- [Work to complete]: Repeat exactly the lines from the start of the entries below through the line containing "Coperni - Heart Tote Bag in Black Coperni". Omit the rest.

- [Study material]:
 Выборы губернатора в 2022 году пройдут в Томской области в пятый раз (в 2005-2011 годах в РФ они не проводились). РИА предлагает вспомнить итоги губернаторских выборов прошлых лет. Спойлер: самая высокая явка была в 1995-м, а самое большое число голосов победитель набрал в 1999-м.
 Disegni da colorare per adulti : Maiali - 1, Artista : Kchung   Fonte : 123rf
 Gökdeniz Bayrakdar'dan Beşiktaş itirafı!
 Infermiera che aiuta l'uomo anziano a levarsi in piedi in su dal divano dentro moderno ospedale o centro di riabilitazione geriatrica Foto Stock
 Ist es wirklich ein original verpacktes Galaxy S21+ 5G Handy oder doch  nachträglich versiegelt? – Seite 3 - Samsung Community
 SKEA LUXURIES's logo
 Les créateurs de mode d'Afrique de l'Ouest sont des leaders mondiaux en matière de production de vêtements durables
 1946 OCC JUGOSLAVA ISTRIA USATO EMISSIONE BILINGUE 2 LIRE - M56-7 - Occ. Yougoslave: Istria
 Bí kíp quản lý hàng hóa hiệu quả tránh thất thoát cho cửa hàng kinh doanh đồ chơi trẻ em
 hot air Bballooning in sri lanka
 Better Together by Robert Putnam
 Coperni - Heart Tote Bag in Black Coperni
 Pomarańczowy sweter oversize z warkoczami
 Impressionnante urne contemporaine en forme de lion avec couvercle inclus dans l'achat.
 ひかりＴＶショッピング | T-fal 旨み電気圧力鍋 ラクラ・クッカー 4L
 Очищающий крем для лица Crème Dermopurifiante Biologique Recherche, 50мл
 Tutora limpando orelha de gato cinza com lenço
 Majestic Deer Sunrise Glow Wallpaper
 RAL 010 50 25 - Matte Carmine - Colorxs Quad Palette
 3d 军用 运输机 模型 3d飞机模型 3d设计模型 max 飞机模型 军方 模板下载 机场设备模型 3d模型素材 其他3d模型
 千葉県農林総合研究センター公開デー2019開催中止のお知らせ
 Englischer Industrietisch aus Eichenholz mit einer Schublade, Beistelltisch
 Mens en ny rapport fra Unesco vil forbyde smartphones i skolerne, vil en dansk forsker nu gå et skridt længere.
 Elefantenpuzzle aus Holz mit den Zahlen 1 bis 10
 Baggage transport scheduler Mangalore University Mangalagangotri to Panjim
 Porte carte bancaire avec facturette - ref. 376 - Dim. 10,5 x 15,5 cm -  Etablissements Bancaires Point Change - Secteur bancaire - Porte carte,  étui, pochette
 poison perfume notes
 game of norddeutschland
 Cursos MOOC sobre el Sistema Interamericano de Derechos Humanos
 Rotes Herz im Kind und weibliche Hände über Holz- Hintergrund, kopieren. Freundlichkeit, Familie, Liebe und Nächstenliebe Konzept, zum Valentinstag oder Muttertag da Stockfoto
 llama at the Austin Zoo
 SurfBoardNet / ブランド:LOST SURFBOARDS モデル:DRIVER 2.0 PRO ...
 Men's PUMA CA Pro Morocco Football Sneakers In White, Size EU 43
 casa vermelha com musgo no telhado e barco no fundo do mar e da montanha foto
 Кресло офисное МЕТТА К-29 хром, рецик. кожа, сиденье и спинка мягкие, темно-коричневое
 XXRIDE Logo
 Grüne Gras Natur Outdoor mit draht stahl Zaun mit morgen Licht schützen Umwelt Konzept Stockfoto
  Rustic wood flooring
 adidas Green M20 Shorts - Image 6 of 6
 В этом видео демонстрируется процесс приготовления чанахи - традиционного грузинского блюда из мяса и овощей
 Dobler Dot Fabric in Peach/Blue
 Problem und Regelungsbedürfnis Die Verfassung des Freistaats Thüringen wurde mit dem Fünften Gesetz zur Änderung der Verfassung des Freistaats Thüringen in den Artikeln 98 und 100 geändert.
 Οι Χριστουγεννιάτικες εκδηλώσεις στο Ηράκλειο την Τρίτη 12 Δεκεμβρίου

- [Output below]:
 Выборы губернатора в 2022 году пройдут в Томской области в пятый раз (в 2005-2011 годах в РФ они не проводились). РИА предлагает вспомнить итоги губернаторских выборов прошлых лет. Спойлер: самая высокая явка была в 1995-м, а самое большое число голосов победитель набрал в 1999-м.
 Disegni da colorare per adulti : Maiali - 1, Artista : Kchung   Fonte : 123rf
 Gökdeniz Bayrakdar'dan Beşiktaş itirafı!
 Infermiera che aiuta l'uomo anziano a levarsi in piedi in su dal divano dentro moderno ospedale o centro di riabilitazione geriatrica Foto Stock
 Ist es wirklich ein original verpacktes Galaxy S21+ 5G Handy oder doch  nachträglich versiegelt? – Seite 3 - Samsung Community
 SKEA LUXURIES's logo
 Les créateurs de mode d'Afrique de l'Ouest sont des leaders mondiaux en matière de production de vêtements durables
 1946 OCC JUGOSLAVA ISTRIA USATO EMISSIONE BILINGUE 2 LIRE - M56-7 - Occ. Yougoslave: Istria
 Bí kíp quản lý hàng hóa hiệu quả tránh thất thoát cho cửa hàng kinh doanh đồ chơi trẻ em
 hot air Bballooning in sri lanka
 Better Together by Robert Putnam
 Coperni - Heart Tote Bag in Black Coperni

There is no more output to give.